⚙️ Dev & Engineering🔗 Series · Ep. 3/10

Build an n8n RSS Feed Automation Workflow in Minutes

Chloe Chen
Chloe Chen
Dev & Engineering Lead

Full-stack engineer obsessed with developer experience. Thinks code should be written for the humans who maintain it, not just the machines that run it.

cron trigger schedulingcontent curation pipelinen8n deduplicationRSS node configuration

We've all been there. It's 8:00 AM, you're downing your first cup of coffee, and you have 40 browser tabs open. You're staring at your screen, manually refreshing your favorite engineering blogs, industry news sites, and GitHub release pages just to stay updated. The manual copy-paste fatigue sets in, and you think, "I'm a developer. Why am I doing this by hand?"

If you're tired of playing human RSS reader, you are in exactly the right place. Shall we solve this beautifully together? ✨

As we set up in Episode 2, our self-hosted n8n instance is purring along happily via Docker Compose. Today, we're going to put it to work by building a robust n8n rss feed automation workflow. We aren't just going to fetch XML data; we're going to build a smart, deduplicating, keyword-filtering pipeline that respects server limits and respects your time.

Let's dive into the architecture of our new content bouncer!

The Mental Model: The Content Bouncer

When we design an automation pipeline, it helps to visualize the data flow before we drag a single node onto the canvas. I like to think of this workflow as an exclusive nightclub for content.

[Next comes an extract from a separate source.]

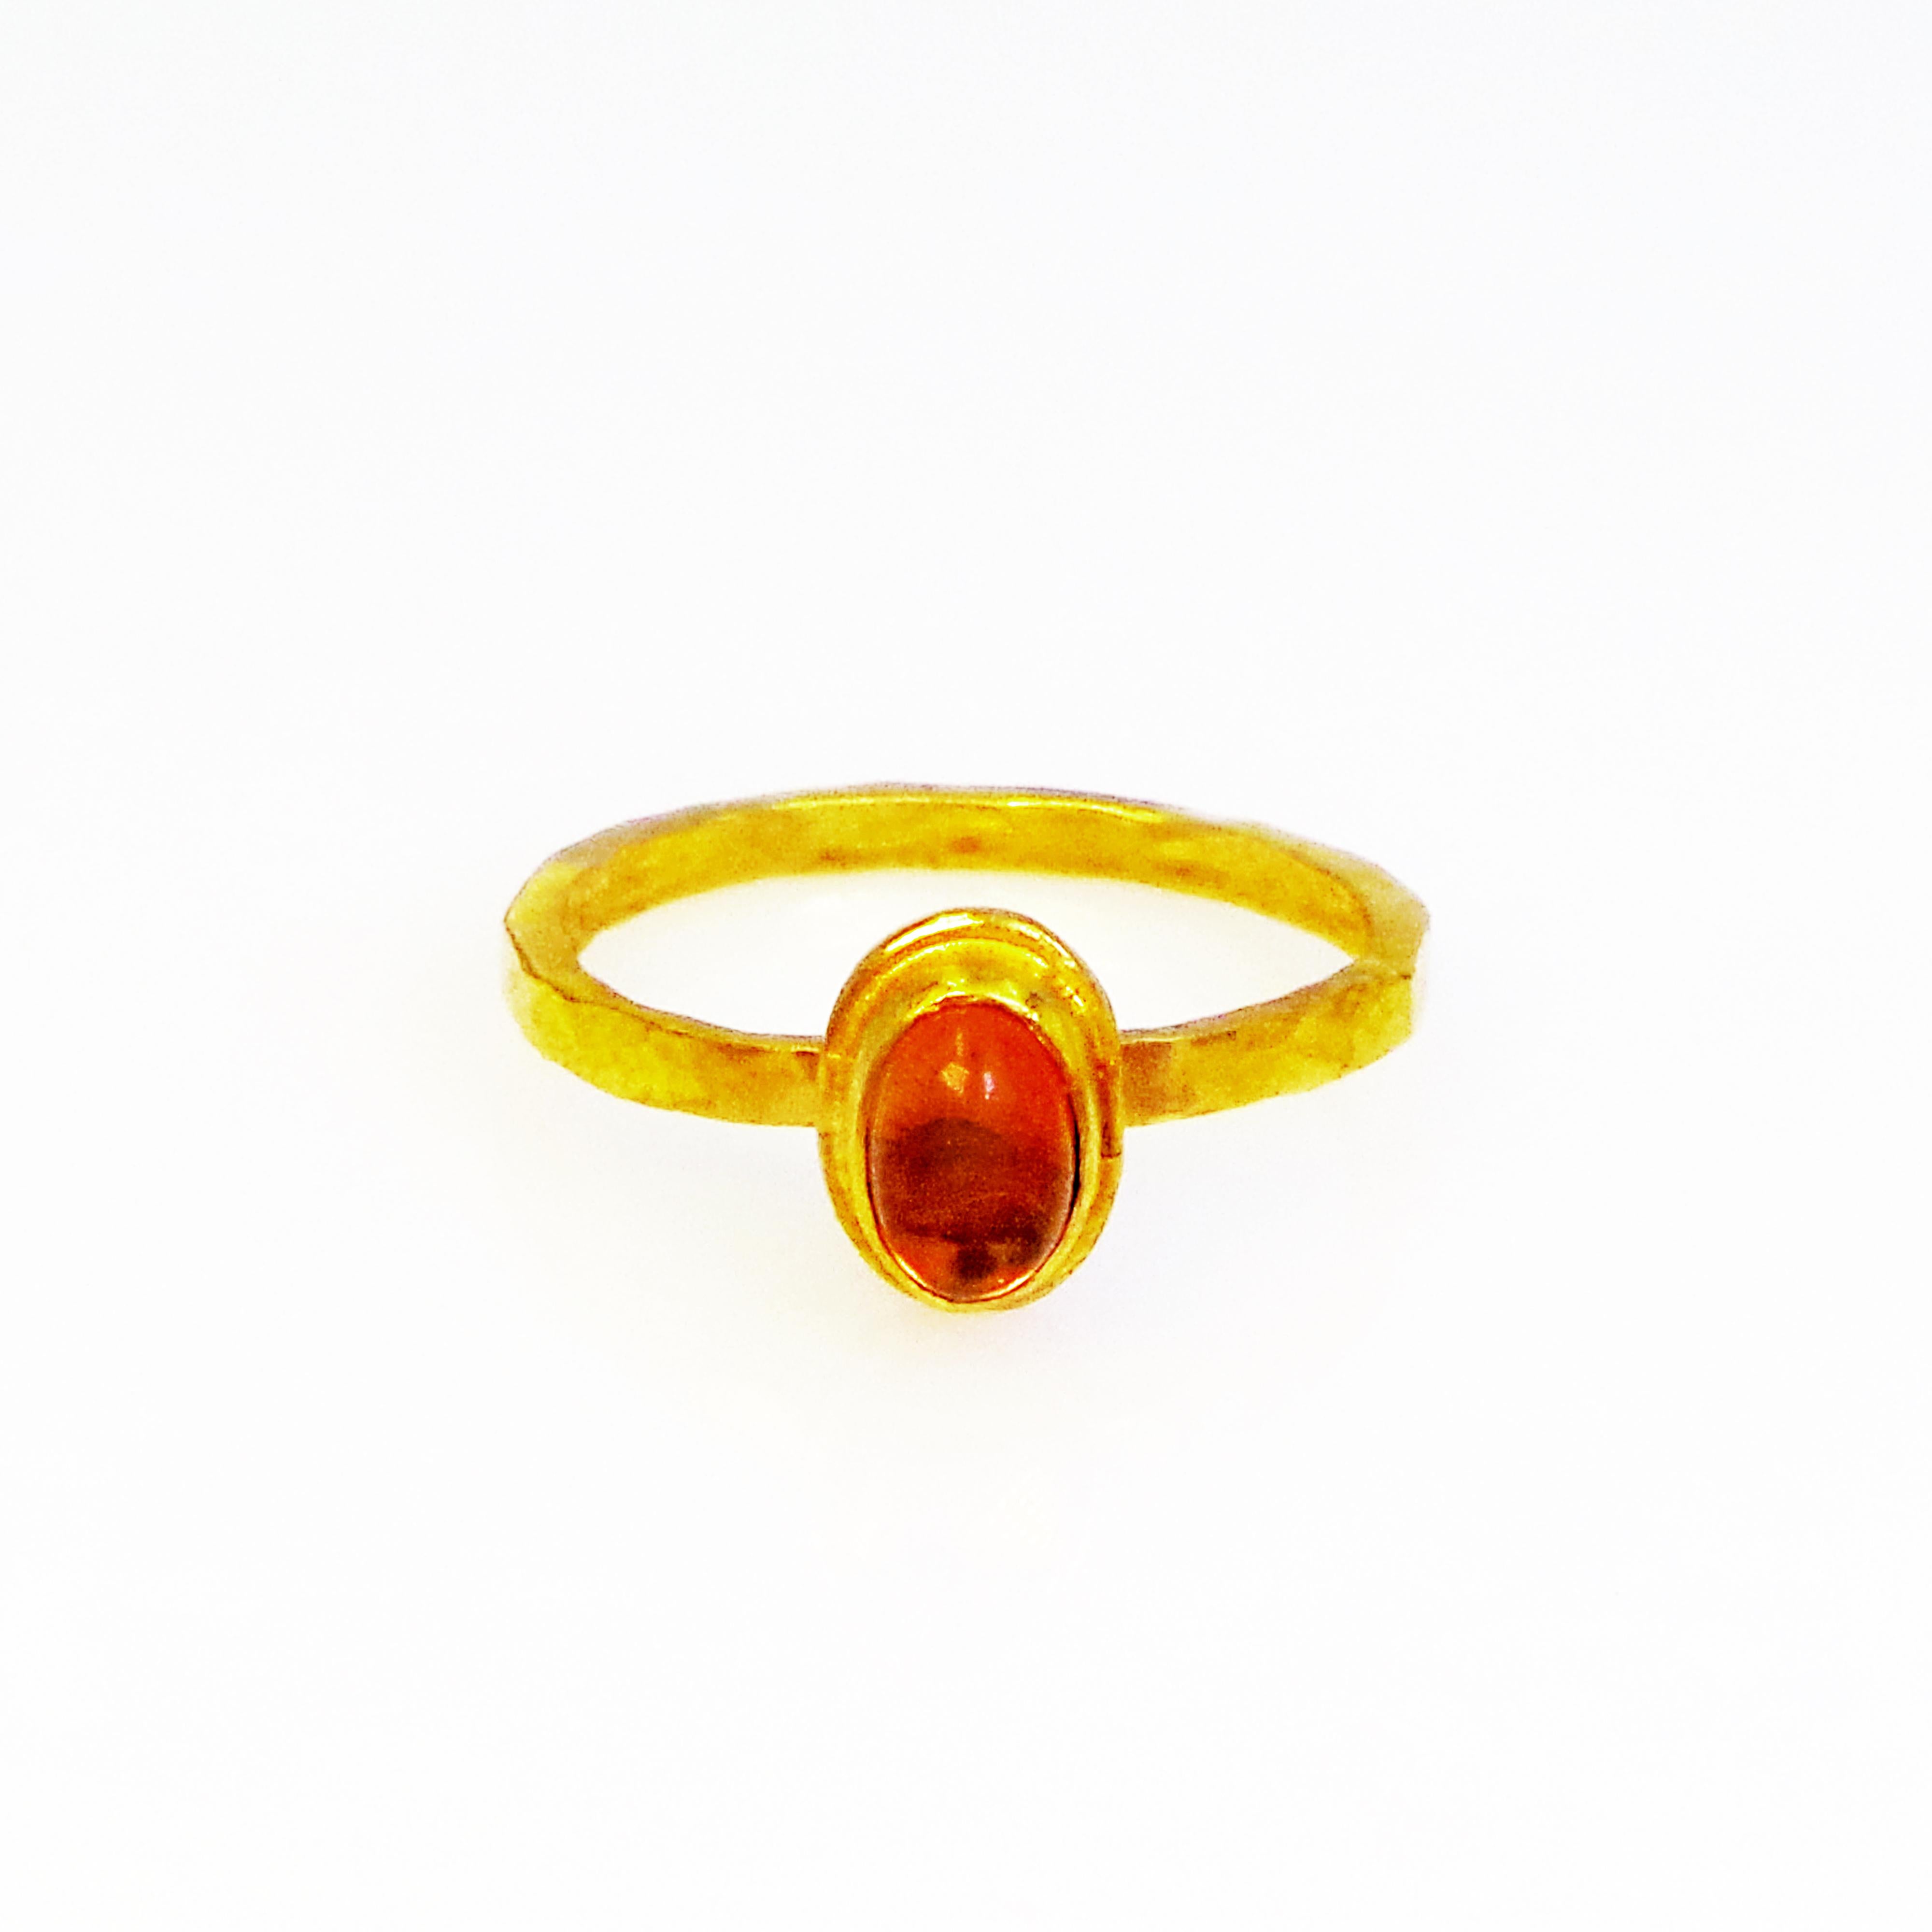 Rötlich-orangefarbene Spessartin-Granat-Cabochons und Ring und Ohrringe aus 22 Karat Gelbgold. Der Ring hat die Größe 7 und ist mit einer rustikalen, gehämmerten Textur versehen. Die Ohrringe sind 1,13 Zoll oder 29 mm lang. Schönes, zierliches und

1. The Promoter (Schedule Trigger): Wakes up every 15 minutes and says, "Time to look for new guests!"
2. The Bus (RSS Read Node): Drives to the blog and picks up everyone (all recent articles).
3. The Bouncer (Deduplication Logic): Checks the VIP list. "Wait, we already let you in yesterday. Go home."
4. The VIP Manager (Filter Node): Checks the dress code. "Does this article mention 'React', 'Vue', or 'Performance'? Yes? Come on in."

Here is what that looks like structurally:

Schedule Trigger Every 15 mins RSS Read Node Fetch XML Deduplication Check Static Data Filter Node Keyword Match

By visualizing the component tree and data flow this way, we immediately see where bottlenecks might occur. If we don't deduplicate, our downstream systems (like Slack notifications or databases) will get hammered with the same 20 articles every 15 minutes. Not a great Developer Experience (DX) for whoever is managing that database!

dashboard screenshot
The n8n dashboard where we'll organize our new content curation pipeline. Keeping your workflows categorized by tags here is a huge DX win as your instance grows.

Deep Dive & Code: Building the Pipeline

Let's get our hands dirty and build this step-by-step. I'll provide the exact reasoning for why we configure things this way, rather than just telling you what buttons to click.

1. The Heartbeat: Cron Trigger Scheduling

First, we need a Schedule Trigger node. This dictates how often our workflow runs.

The DX Tip: It's tempting to set this to run every 1 minute. Don't do it! 🚀 RSS feeds are static XML files hosted on other people's servers. Hitting them every 60 seconds is impolite and can get your IP banned.

Set your Schedule Trigger to run Every 15 Minutes or Every Hour. This is the perfect balance between getting fresh content and being a good internet citizen.

2. Fetching the Data: RSS Node Configuration

Next, add the RSS Read node.

In the node settings, you simply paste the URL of the RSS feed (e.g., https://news.ycombinator.com/rss or your favorite Vue.js blog).

Why is n8n so magical here? If you were writing this in raw Node.js, you'd have to pull in axios, fetch the XML, realize it's a giant string, pull in xml2js, parse it, and map the messy XML arrays into clean JSON objects. The n8n RSS node does all of this automatically. It outputs a beautifully clean JSON array of items, each with a title, link, content, and pubDate.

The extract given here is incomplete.